Abbreviations: Deep-KOA, deep learning model for knee osteoarthritis prediction; AUROC, area under the receiver operating characteristic curve; ICD-9-CM, International Classification of Diseases, Ninth Revision, Clinical Modification; WHO-ATC, World Health Organization, Anatomical Therapeutic Chemical.

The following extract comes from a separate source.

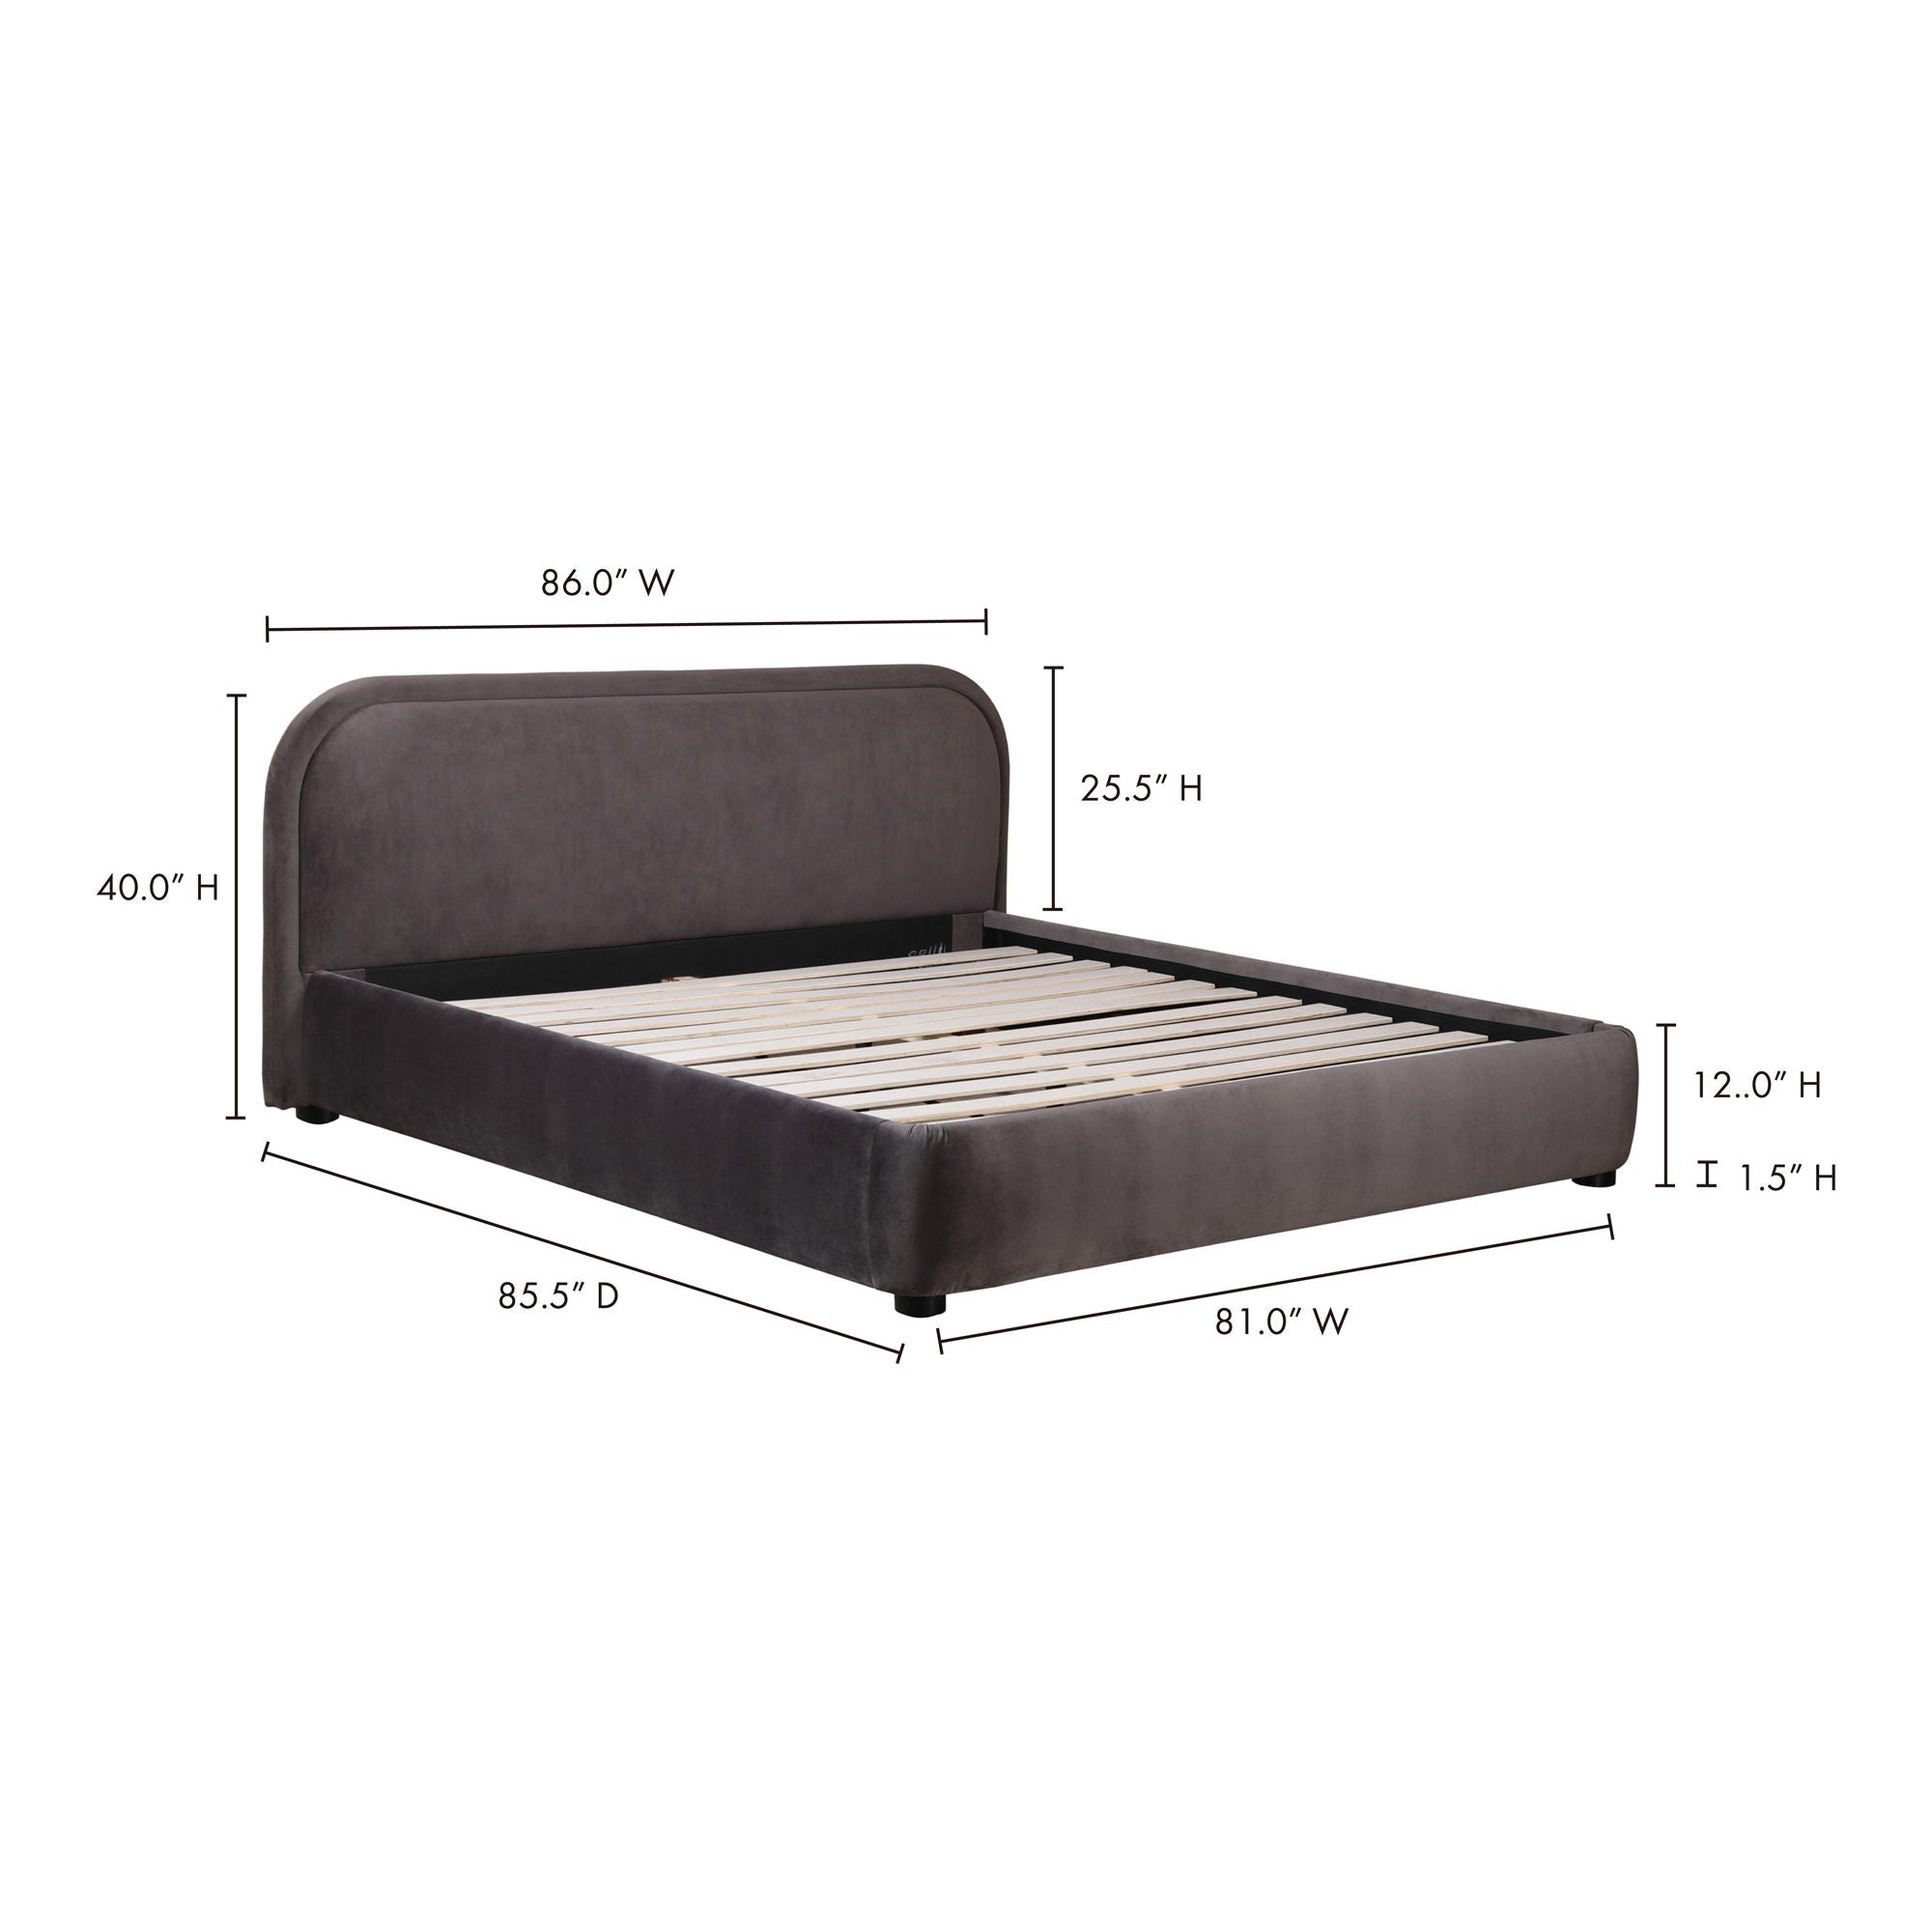 Colin - King Bed - Charcoal

Patient Data Sample for Deep-KOA Model Evaluationa
| ID Patient | Age (Years) | Sex | Total Diagnoses in 3 Years (n) | Total Clinical Visits in 3 Years (n) | Total Medications in 3 Years (n) | Total Days of Medication Prescriptions in 3 Years (Days) | Label | Score |
|---|---|---|---|---|---|---|---|---|
| A | 58 | Male | 3 | 5 | 7 | 84 | KOA | 0.172 |
| B | 63 | Female | 6 | 10 | 6 | 158 | KOA | 0.639 |
| C | 59 | Female | 12 | 30 | 24 | 1355 | KOA | 0.942 |
| D | 55 | Male | 3 | 3 | 7 | 24 | NonKOA | 0.137 |
| E | 37 | Female | 5 | 10 | 8 | 30 | NonKOA | 0.012 |
| F | 46 | Female | 11 | 33 | 20 | 307 | NonKOA | 0.124 |
Notes: aTo compare the model performance, three patients of KOA and nonKOA are randomly chosen based on the feature similarity, especially the number of features during three years visiting.
Abbreviations: Deep-KOA, deep learning model for knee osteoarthritis prediction; KOA, knee osteoarthritis.